A 30-Year Study of 3 Generations at High Risk and Low Risk for Depression.

IMPORTANCE: The increased risk of major depression in the offspring of depressed parents is well known. Whether the risk is transmitted beyond 2 generations is less well known. To our knowledge, no published study with direct interviews of family members and the generations in the age of risk for depression has evaluated beyond 2 generations.
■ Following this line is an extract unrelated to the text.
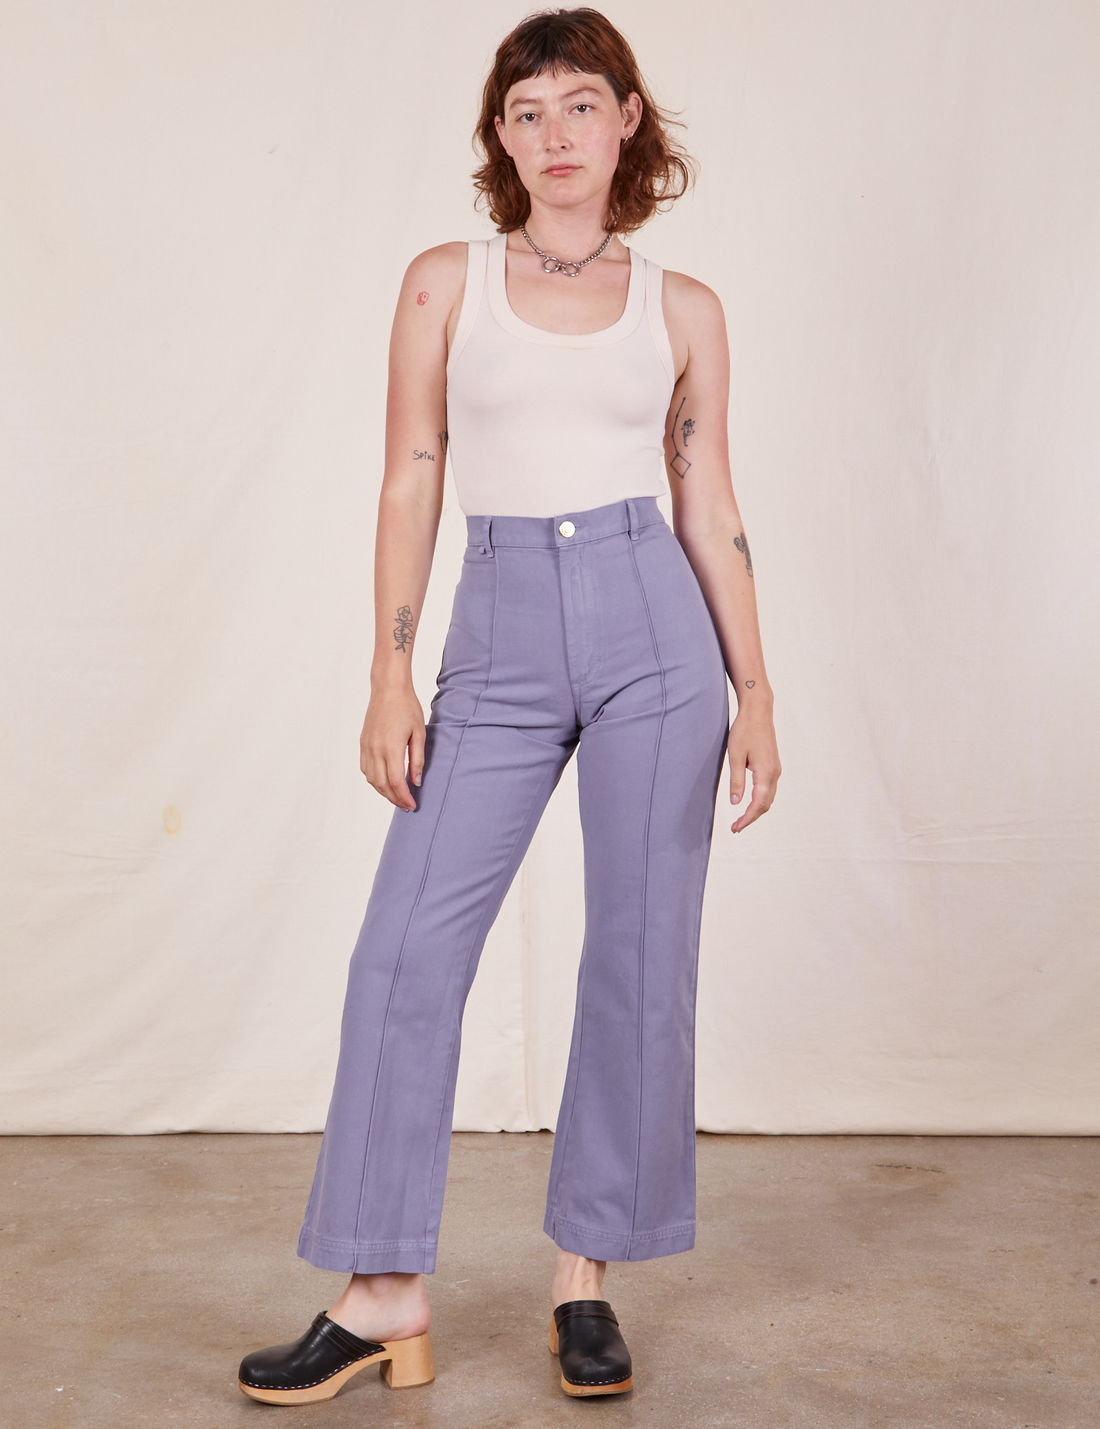 Alex is 5'8" and wearing XS Western Pants in Faded Grape paired with vintage off-white Tank Top

This information is important for detecting individuals at highest risk who may benefit from early intervention.

OBJECTIVE: To examine the familial aggregation of psychiatric disorder and functioning in grandchildren by their biological parents' and grandparents' depression status.
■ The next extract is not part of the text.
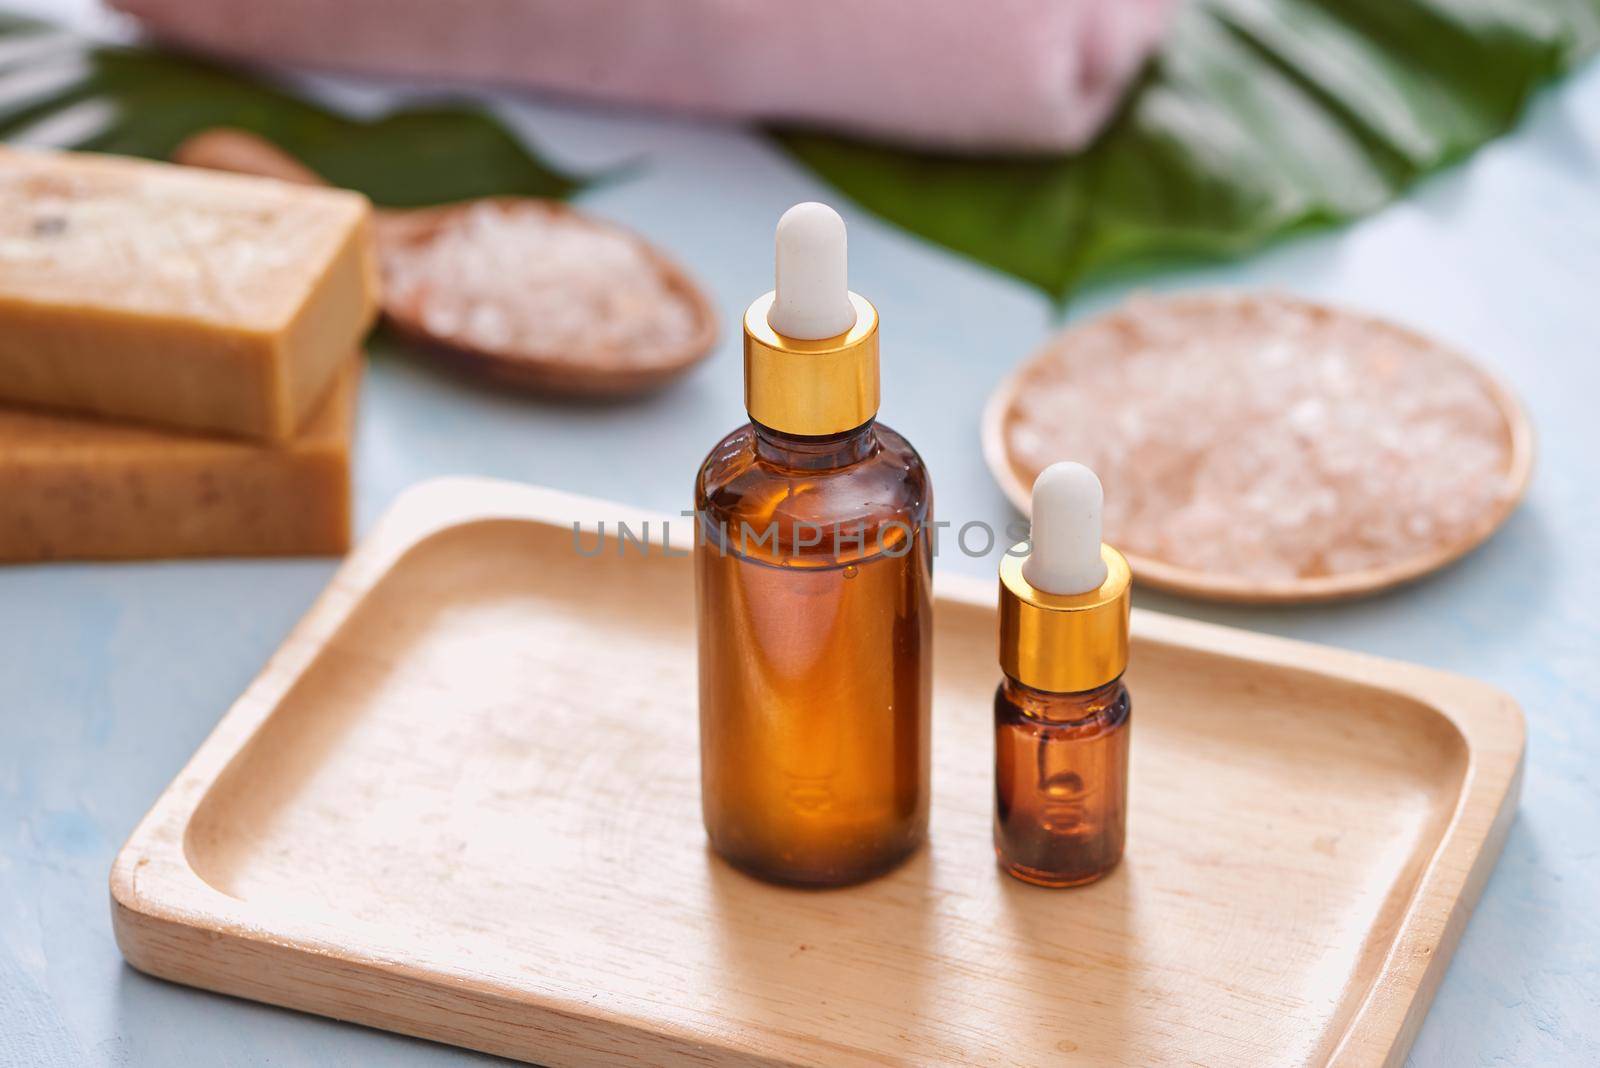 vials and droppers .the natural beauty skincare product for branding with the organic ingredient extract , leaf ,oil and laboratory glass ware

DESIGN, SETTING, AND PARTICIPANTS: Longitudinal retrospective cohort family study of 251 grandchildren (generation 3 [mean age, 18 years]) interviewed a mean of 2.0 times and their biological parents (generation 2) interviewed a mean of 4.6 times and grandparents (generation 1) interviewed up to 30 years. The study dates were January 1982 (wave 1) to June 2015 (wave 6).
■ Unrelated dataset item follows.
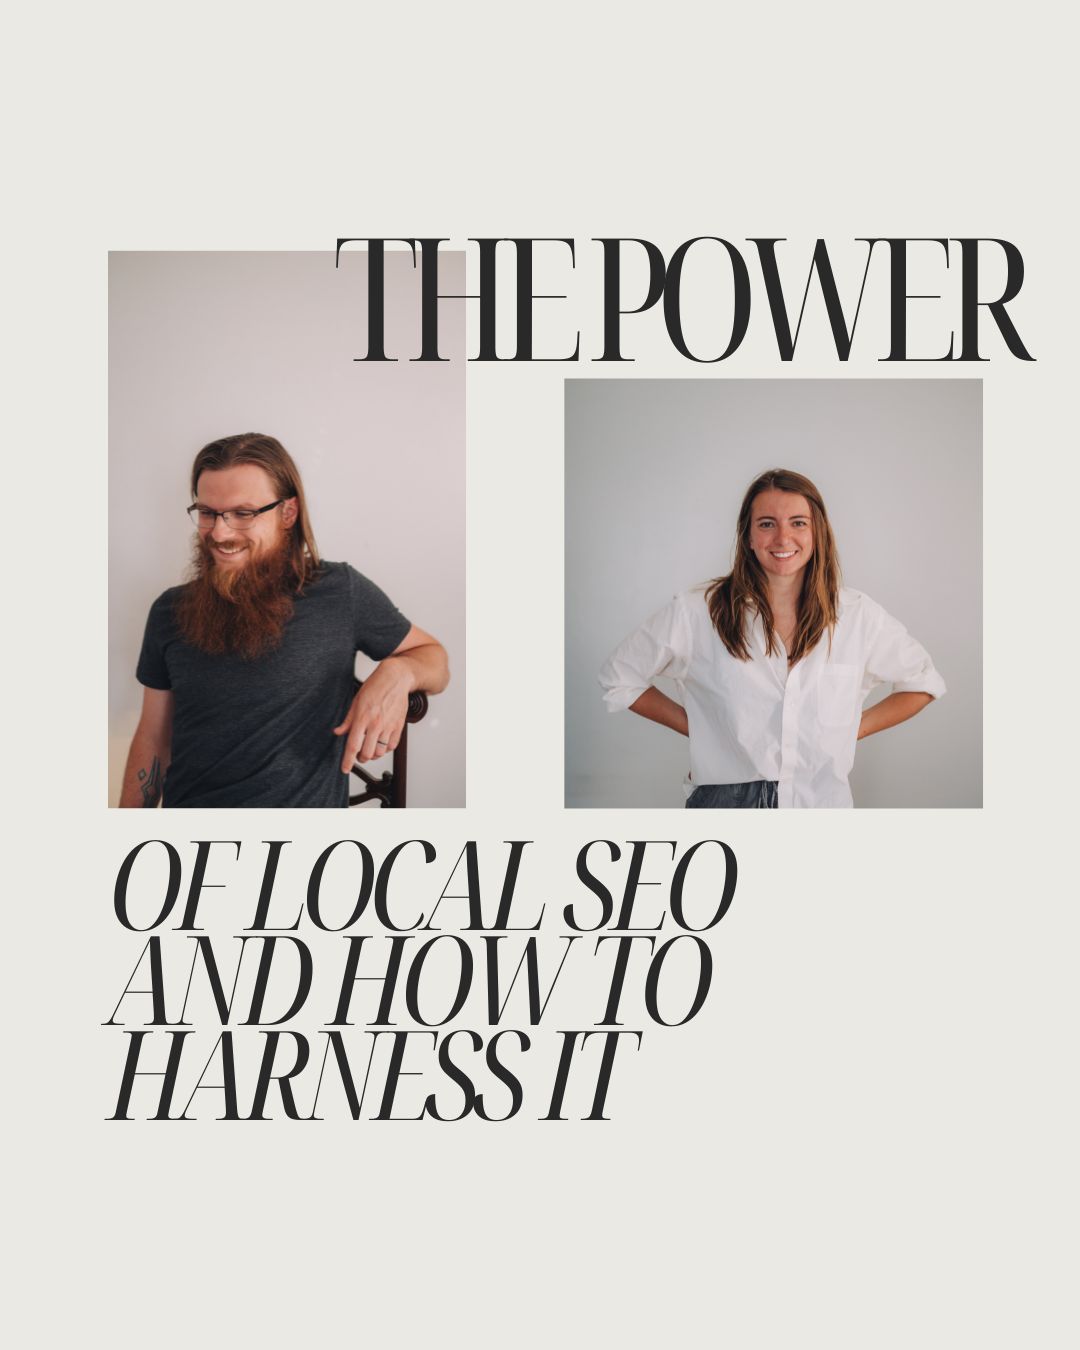 An image of a man and an image of a woman are on a beige background, the text reads" The Power of Local SEO and how to harness it" for an article about local SEO and Google My Business

MAIN OUTCOMES AND MEASURES: Cumulative rates of psychiatric disorders and functioning collected for all generations by clinically trained interviewers and best-estimate diagnosis made blind to diagnoses in members of previous generations.

RESULTS: There were 91 families (G1) in the original sample, of whom 77 were eligible for inclusion (had a grandchild older than 5 years), and 80.5% (62 of 77) participated in the study. When first examining only 2 generations, the biological children (generation 3) of depressed compared with nondepressed parents (generation 2) had 2-fold increased risk for major depressive disorder (MDD) (hazard ratio [HR], 2.02; 95% CI, 1.08-3.79; P = .03), any disruptive disorder (HR, 1.70; 95% CI, 1.05-2.75; P = .03), substance dependence (HR, 2.96; 95% CI, 1.24-7.08; P = .01), any suicidal ideation or gesture (HR, 2.44; 95% CI, 1.28-4.66; P = .007), and poor functioning (F = 38.25, P < .001). When 3 generations were examined stratified by parental and grandparental depression status, association of a parent's MDD on the grandchild's MDD but not other disorders varied with the grandparent's depression status: grandchildren with both a depressed parent and grandparent (n = 38) were at highest risk for MDD. Among grandchildren without a depressed grandparent, those with (n = 14) vs without (n = 74) a depressed parent had overall poorer functioning (F = 6.31, P = .01) but not higher rates of any of the disorders. Potential confounding variables did not have a meaningful effect on the association between grandchild outcomes and parental or grandparental depression.

CONCLUSIONS AND RELEVANCE: In this study, biological offspring with 2 previous generations affected with major depression were at highest risk for major depression, suggesting the potential value of determining family history of depression in children and adolescents beyond 2 generations. Early intervention in offspring of 2 generations affected with moderate to severely impairing MDD seems warranted. The specificity of the transmission of depression across 3 generations may make this group a homogeneous sample for biological marker studies.